Ao chegar à mansão D’Arcy, Melissa foi recebida com a mesma rigidez por Madame Lacroix.
— Pontual. Bom começo — comentou, levando-a diretamente à ala infantil.
O dia começou com tarefas básicas: aquecer a mamadeira, trocar a fralda de Aurore, cantar canções de ninar. Melissa se surpreendeu ao notar como aquela bebê sorriu pra ela com facilidade, mesmo sem saber quem era. Era como se houvesse uma conexão instantânea, um acolhimento silencioso entre duas almas ainda marcadas pelo abandono.
— Ela gosta de você — comentou Lacroix, observando ao fundo com os braços cruzados. — Isso não acontece com frequência.
Melissa sorriu, aliviada.
— Eu… gosto dela também. Acho que… gosto de cuidar. Faz a vida parecer mais leve, sabe?
Lacroix não respondeu. Apenas anotou algo em uma prancheta.
Por volta das 14h, Melissa foi chamada para tomar um chá com a governanta na varanda dos fundos, onde era possível ver parte dos jardins impecáveis. Ao longe, um homem de terno escuro conversava com um jardineiro. Alto, ombros largos, cabelos castanho-escuros bagunçados pelo vento. Mesmo à distância, exalava autoridade.
— Quem é aquele? — Melissa perguntou sem pensar, tomando um gole tímido do chá.
Lacroix hesitou por um segundo.
— Um conhecido da casa — disse, breve. — Não se preocupe com ele.
Melissa deu de ombros, mas não conseguiu deixar de notar que ele a observava de volta. Por apenas alguns segundos. Intensamente.
Mathew D’Arcy não costumava frequentar os jardins durante o dia, mas algo naquela manhã o fizera mudar de ideia. Ele precisava pensar, respirar. E foi ali, entre rosas e dúvidas, que viu pela primeira vez a jovem que segurava Aurore como se fosse feita de vidro. Os olhos brilhando de cuidado. O sorriso leve, apesar das olheiras. A roupa simples, destoando da sofisticação ao redor.
— Quem é ela? — perguntou discretamente ao jardineiro.
— Nova candidata pra vaga de babá, senhor. Chegou ontem.
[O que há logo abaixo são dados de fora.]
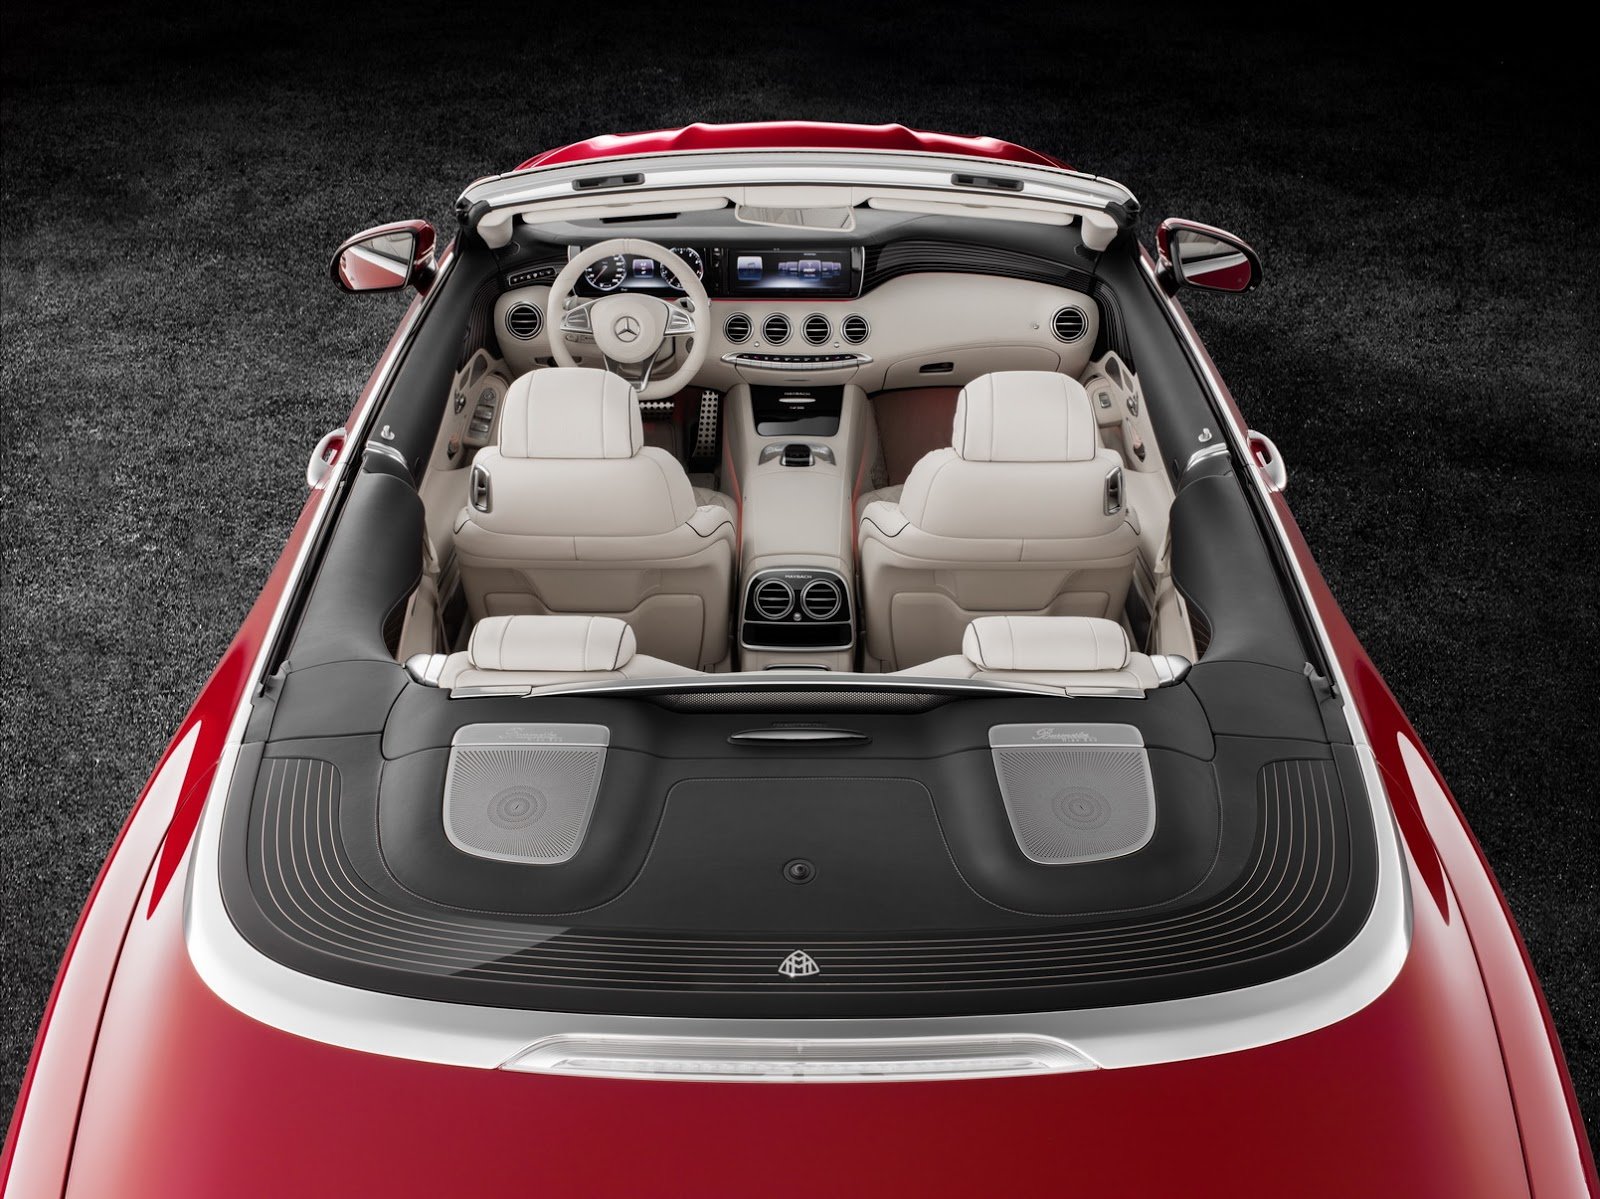 Mercedes-Maybach S 650 Cabriolet patří k nejluxusnějším autům na trhu.

Mathew ficou em silêncio. De repente, o vento pareceu soprar mais forte.
Lacroix voltou com Melissa ao quarto da bebê, entregando-a a mais uma tarefa: colocar Aurore para dormir. Quando Melissa pegou a bebê no colo e começou a cantar baixinho, sentiu algo mudar dentro de si. Como se aquele silêncio embalado de respiração infantil preenchesse um vazio antigo.
— Pode me deixar sozinha com ela? — pediu, quase num sussurro.
Lacroix hesitou, mas concordou com um leve aceno. Do lado de fora, Mathew se aproximava do corredor. Passou pela porta entreaberta, e por um instante, parou. A cena o atingiu com força: a jovem sentada na poltrona, embalando sua filha, cantando com a alma.
Ele não disse nada. Não podia. Apenas sentiu o peito apertar.
Melissa, do outro lado, jamais imaginou que já estava sendo observada pelo próprio dono da casa. Por um homem que dizia não ter mais espaço para sentimentos — até ver o impossível começar a se mover.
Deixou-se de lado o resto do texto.